Maryland has been under an open-ended state of emergency since March 5, when the first positive cases of the coronavirus were confirmed in a handful of state residents. In the weeks since then, Hogan closed schools and nonessential businesses, issued a stay-at-home order that curtailed activities and required Marylanders to wear masks in stores and on buses and trains.
“They’re very cognizant that public health is No. 1,” O’Halloran said. “At the same time, they’re facing a financial crisis they’ve never experienced before."

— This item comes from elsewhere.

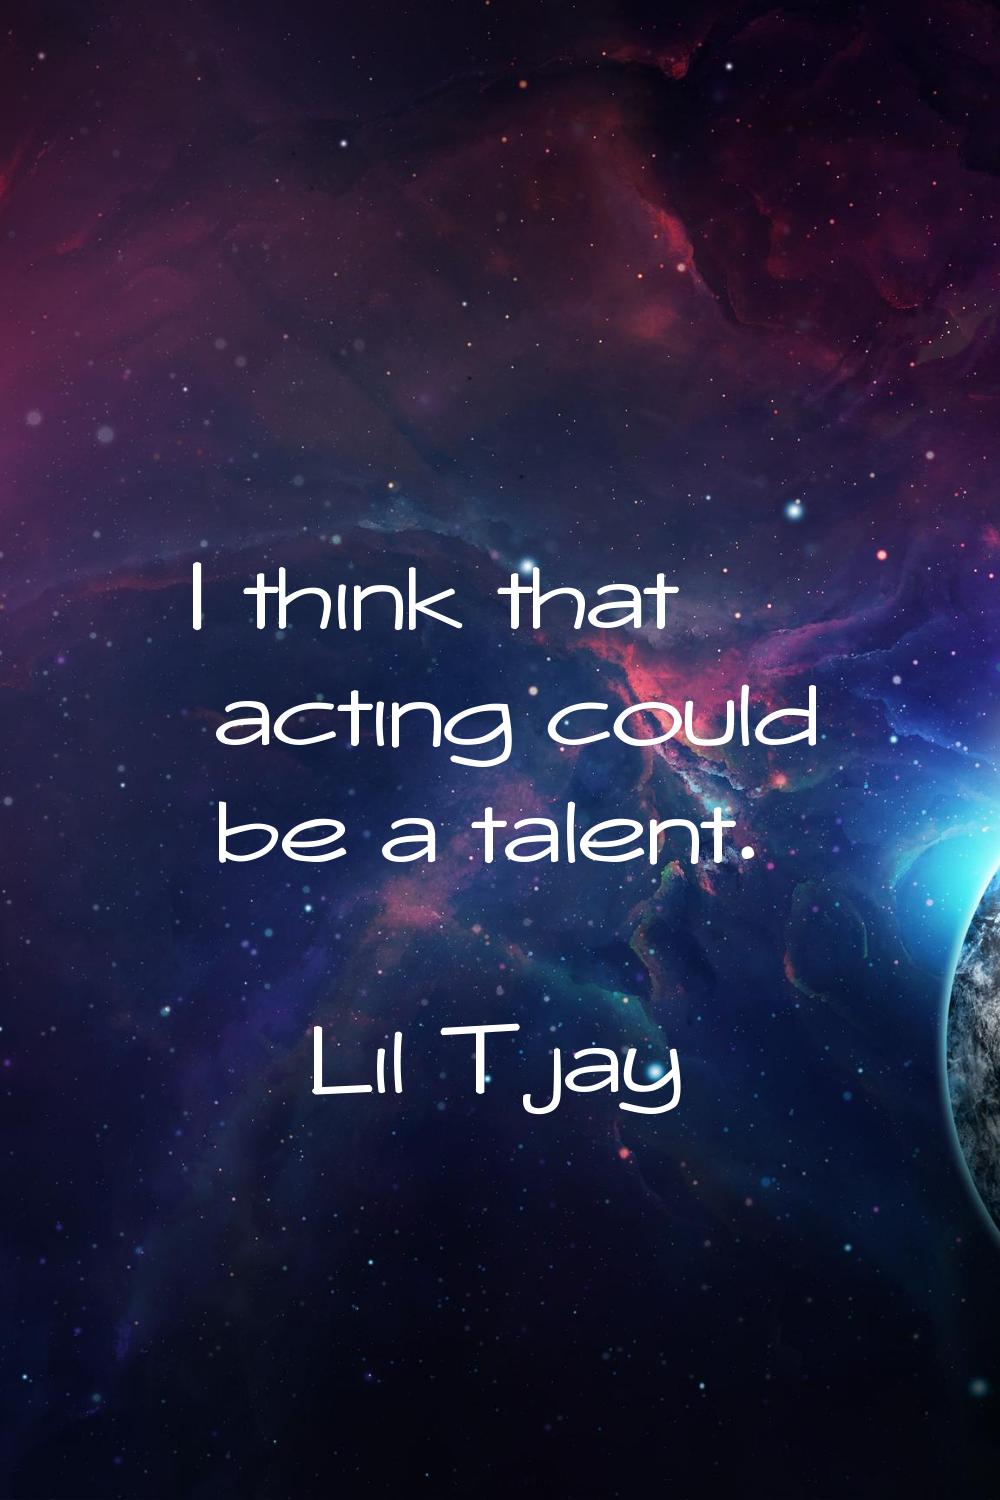 I think that acting could be a talent.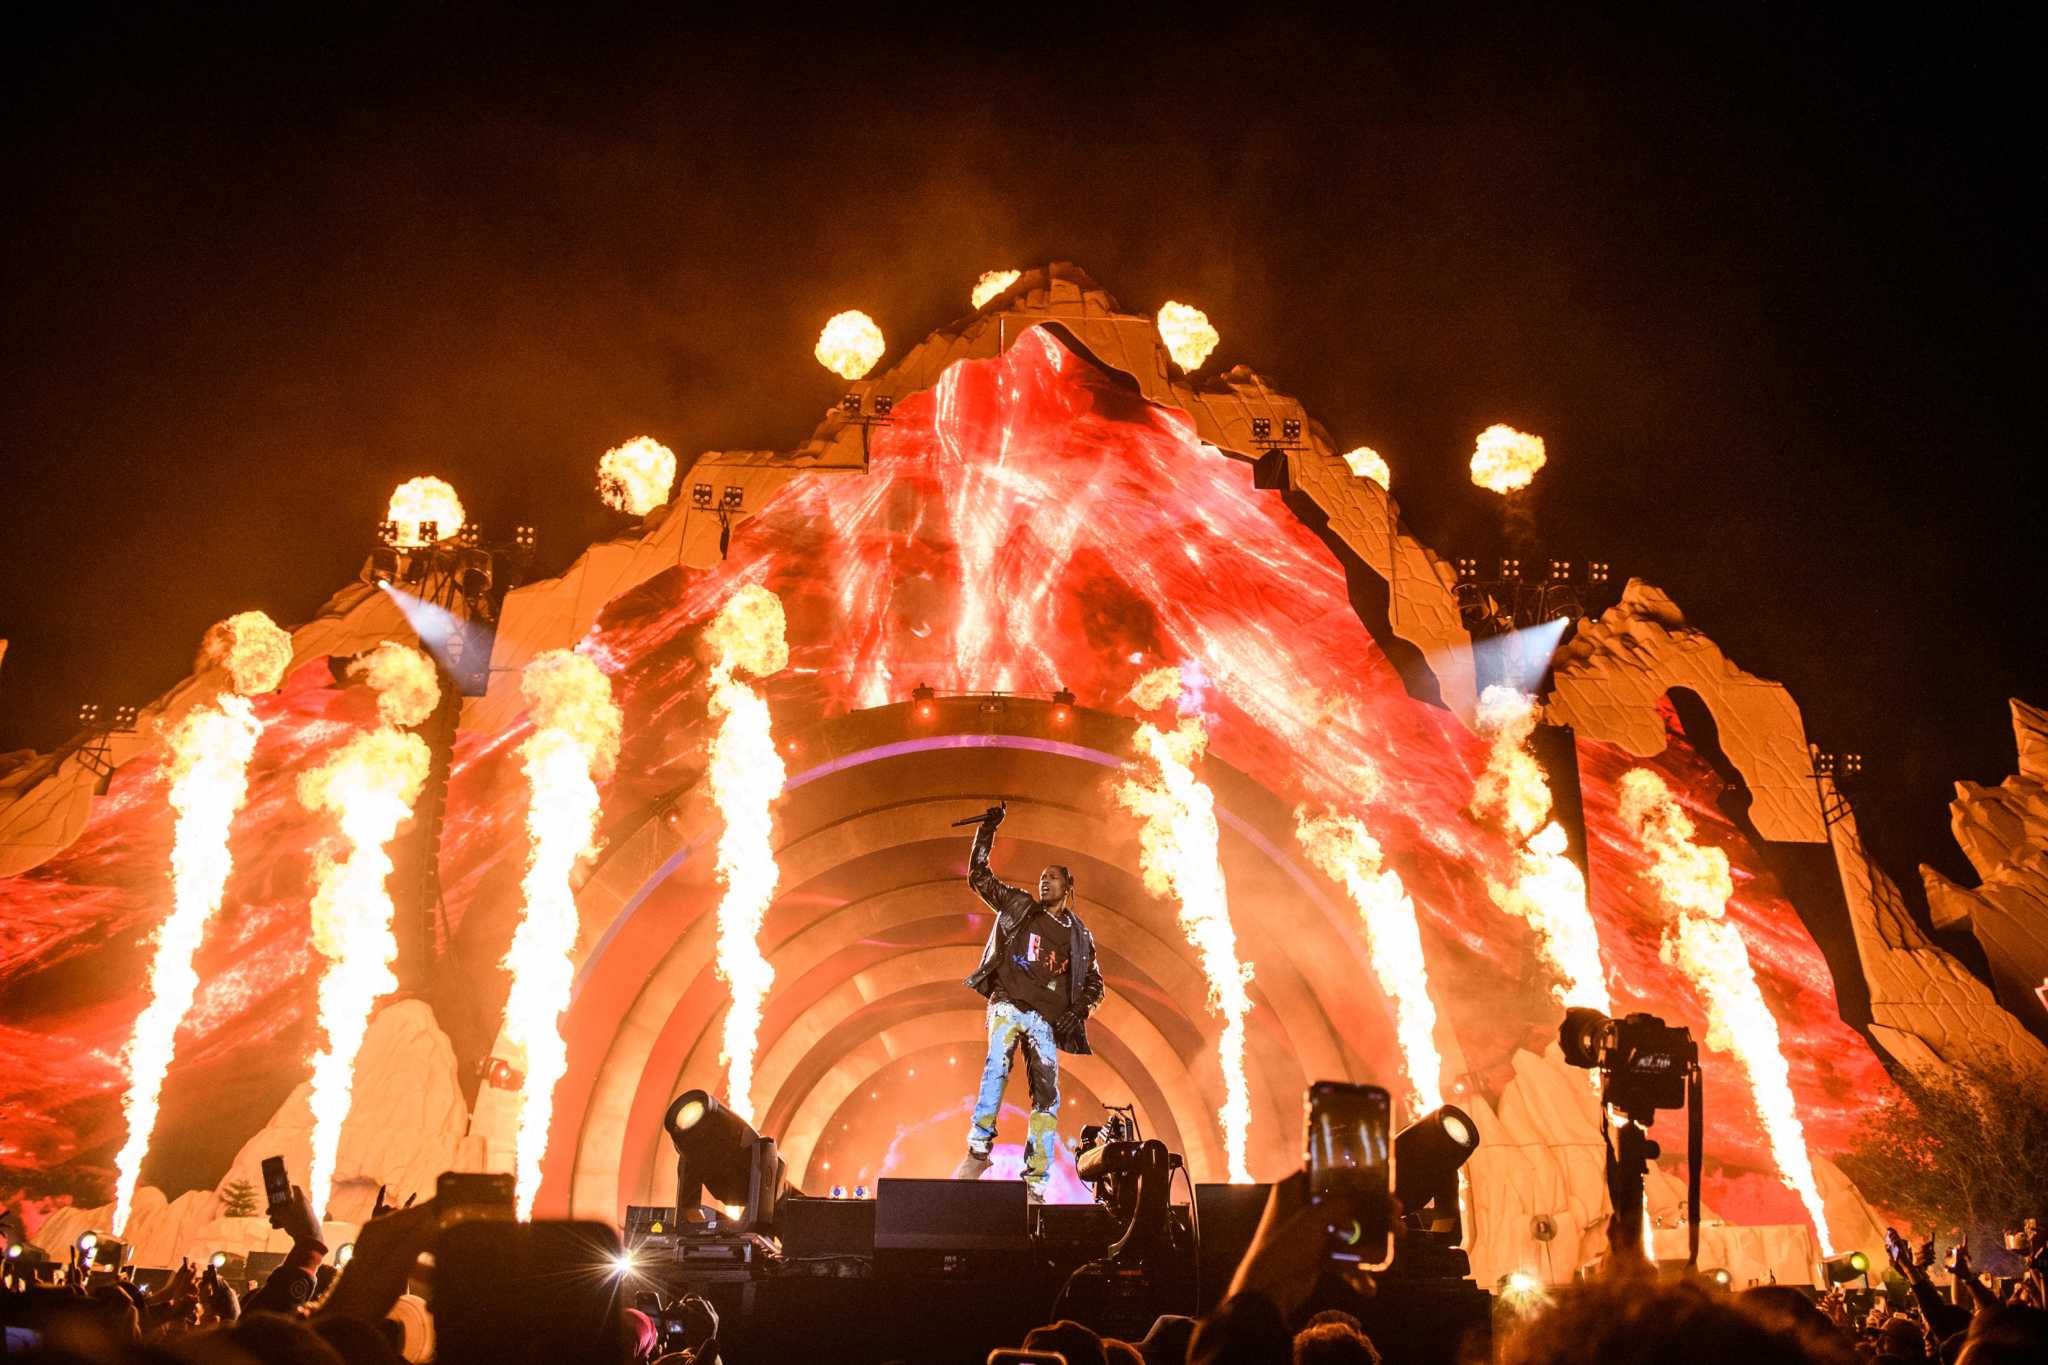 Astroworld Festival tragedy: Travis Scott&#39;s culture of devotion, chaos  turned deadly

State Sen. James Rosapepe, a Democrat who represents Anne Arundel and Prince George’s counties, called a phased-in reopening wise, but he’s concerned the state isn’t ready to move ahead yet in certain areas.
“The stage process was very well thought out and setting up the advisory groups makes a lot of sense,” Rosapepe said. “The challenge, as the governor has said, is we’ve got to get to large-scale tracing and testing and tracing.”
Hogan’s latest additions to his overall advisory team included a group that was largely white and male, even though African Americans make up nearly 45% of deaths in which the patient’s race is known in Maryland. African Americans account for 30% of Marylanders.
The new members include Arne Sorensen, the president of Bethesda-based Marriott International; Robert Doar, president of the American Enterprise Institute, a conservative think tank; Kevin Plank, the founder of Under Armour; Jim Davis, chairman of Allegis Group; Mark McManus, general president of United Association, a labor union; and Augie Chiasera, president of M&T Bank’s Greater Baltimore and Chesapeake Region.
Lt. Gov. Boyd Rutherford, who is African American, and Carol Beatty, the state secretary for disabilities, also joined the now 22-member panel as it transitioned from a medical and public health advisory “response” team to a “recovery" team.